25 Stock Market Terms That You Should Know

The stock market Terms can be confusing to novice investors. There are so many terms, jargon, and acronyms that it can seem like you’re speaking a different language from everyone else in the room. Fear not! In this blog post, we will go over 25 common Stock Market Terms so that you can equip yourself with the knowledge necessary to make informed decisions when you invest. Whether you’re just getting started in the stock market or want to brush up on some basics, this guide has got you covered.

25 Stock Market Terms

Annual Report

An annual report is a yearly report that every firm prepares in order to impress their shareholders. The annual report contains a wealth of information about a business, ranging from cash flow to management strategy. Several people examine the annual report in order to assess the company’s solvency and financial situation.


Arbitrage is the practise of purchasing something, such as foreign currency, from one location and selling it to another location where the price of the foreign currency is greater than the purchase location. For example, if a stock is trading at $20 on one market and $21 on another, the trader must buy shares at $20 on one market and sell them at $21 on the other, earning the difference.

Averaging Down

When an investor averages down, he or she buys more shares when the price of a particular stock falls. This lowers the average purchase price of your particular stock.

Several investors employ this method if they believe that the general consensus about a firm is incorrect, and they anticipate that the stock price will rise and they will profit.

Bear Market

It is a market in which investors discuss the stock market’s performance in a downward trend, or it is a time when the prices of several stocks are declining.


A broker is someone who buys and sells investments on your behalf in exchange for a commission or fee.


When a firm produces a profit, a portion of that profit is allocated to shareholders or those who own the company shares on a quarterly or annual basis. Not every company pays dividends, and if you’re looking for penny stocks, you’re unlikely to find any.

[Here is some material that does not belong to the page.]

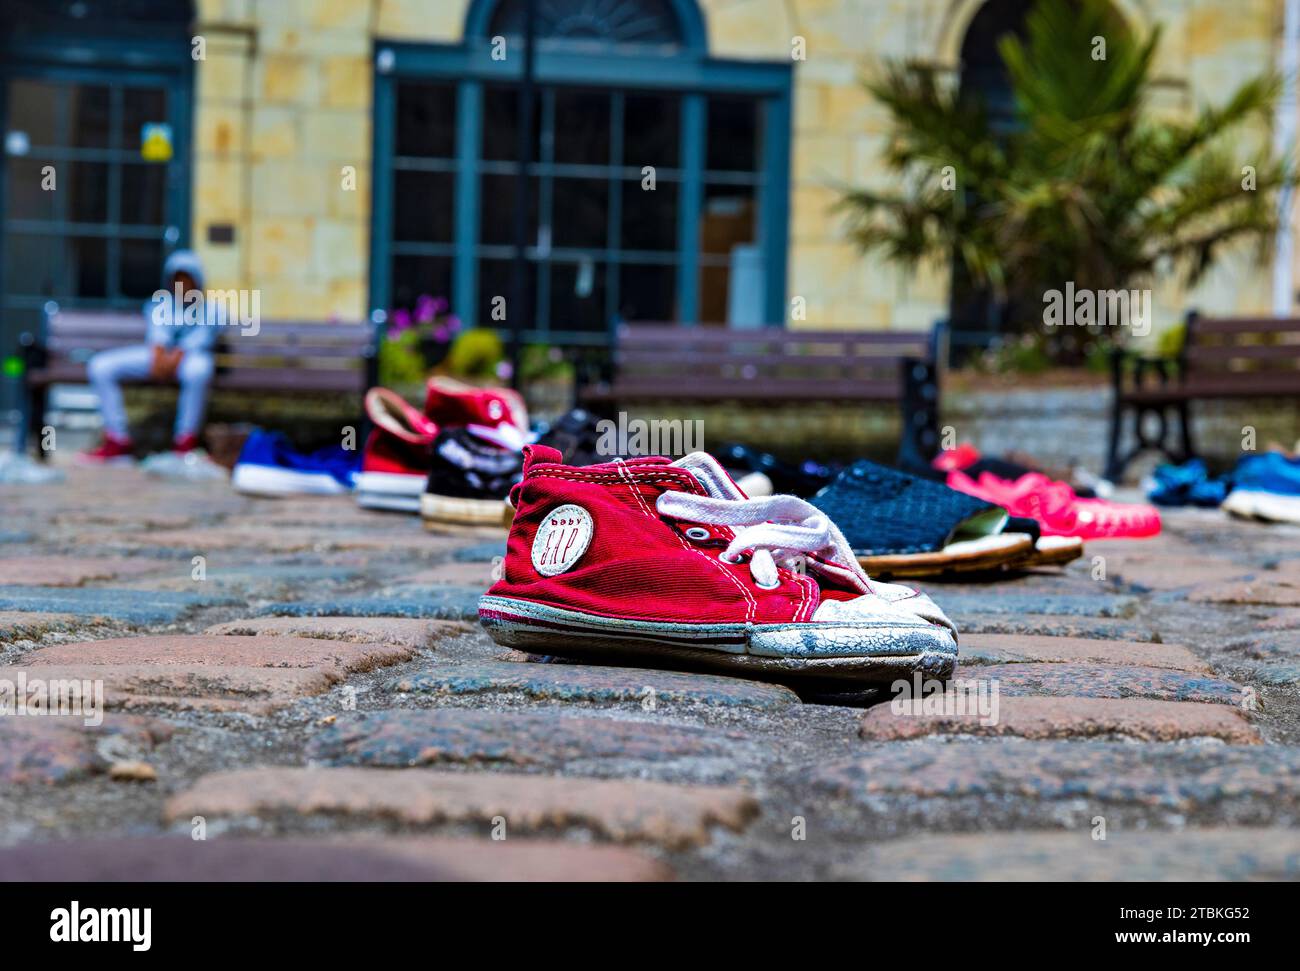 « Nous avons abandonné ces chaussures à l’extérieur de la cathédrale de Truro comme nos députés ont abandonné les enfants réfugiés » - les chaussures représentent la séparation des familles réfugiées. Banque D'Images

The Sensex is a number that represents all of the relative share prices listed on the Bombay Stock Exchange.


The Nifty 50 Index, also known as the National Stock Exchange of India, is the principal and benchmark stock market index for India’s equities market. The Nifty 50 is one of two stock indices used in the stock market, and it comprises of 50 Indian corporate stocks in 12 distinct sectors.


The most recent trading prices for the stock include information that is provided in a quote. Unless you’re a professional stockbroker operating in an existing trading platform, the quote may be delayed by 20 minutes at times.

Share Market

A share market is a market where shares of a specific firm can be bought and sold. The stock exchange is a prime example of a share market.

Bull Market

It is a market in which investors discuss the stock market performing well, or it is a period in which the values of several equities are rising.

Bid Price

A bid price is just the amount you wish to pay for a specific share.

Ask Price

The ask price is the price at which you want to sell a share.


Order refers to the purpose of buying and selling shares in a specified price range. For example, suppose you have placed an order with company A to purchase 200 shares at a maximum price of Rs 50 per share.

Trading Volume

The number of shares exchanged on a given day is referred to as trading volume.

Market Capitalisation

It simply refers to the stock market valuation of a corporation. That is the current worth of all of a company’s shares combined.

Intra-Day Trading 

Intraday trading entails buying and selling your preferred stocks on the same day, so that all of your trading positions are closed before trading hours end.

Market Order

A market order is an order to purchase or sell stock at the current market price. Many investors do not employ this Order since the trade price in the market order is still variable.

 Day Order

A day order is one that is valid until the end of the trading day. If the Order does not perform by the end of the market. The order is cancel.

Limit Order

A limit order is to buy shares below a fixed price and sell shares above a fixed price.  When trading stocks, it is best to utilise a limit order.


The portfolio is a compilation of all the investments that an investor has made since first purchasing a share.


The ease with which equities can be sold is liquidity. Highly liquid stocks are those that sell in huge amounts quickly.


IPO  In the case of an IPO, the investor might purchase the shares from the company directly.

Secondary Sharing

It is yet another offering utilised to sell more stocks and raise more funds from the general public.

Going Long 

Going Long is a bet that the price of a stock will rise, allowing you to buy at a low price and sell at a high price.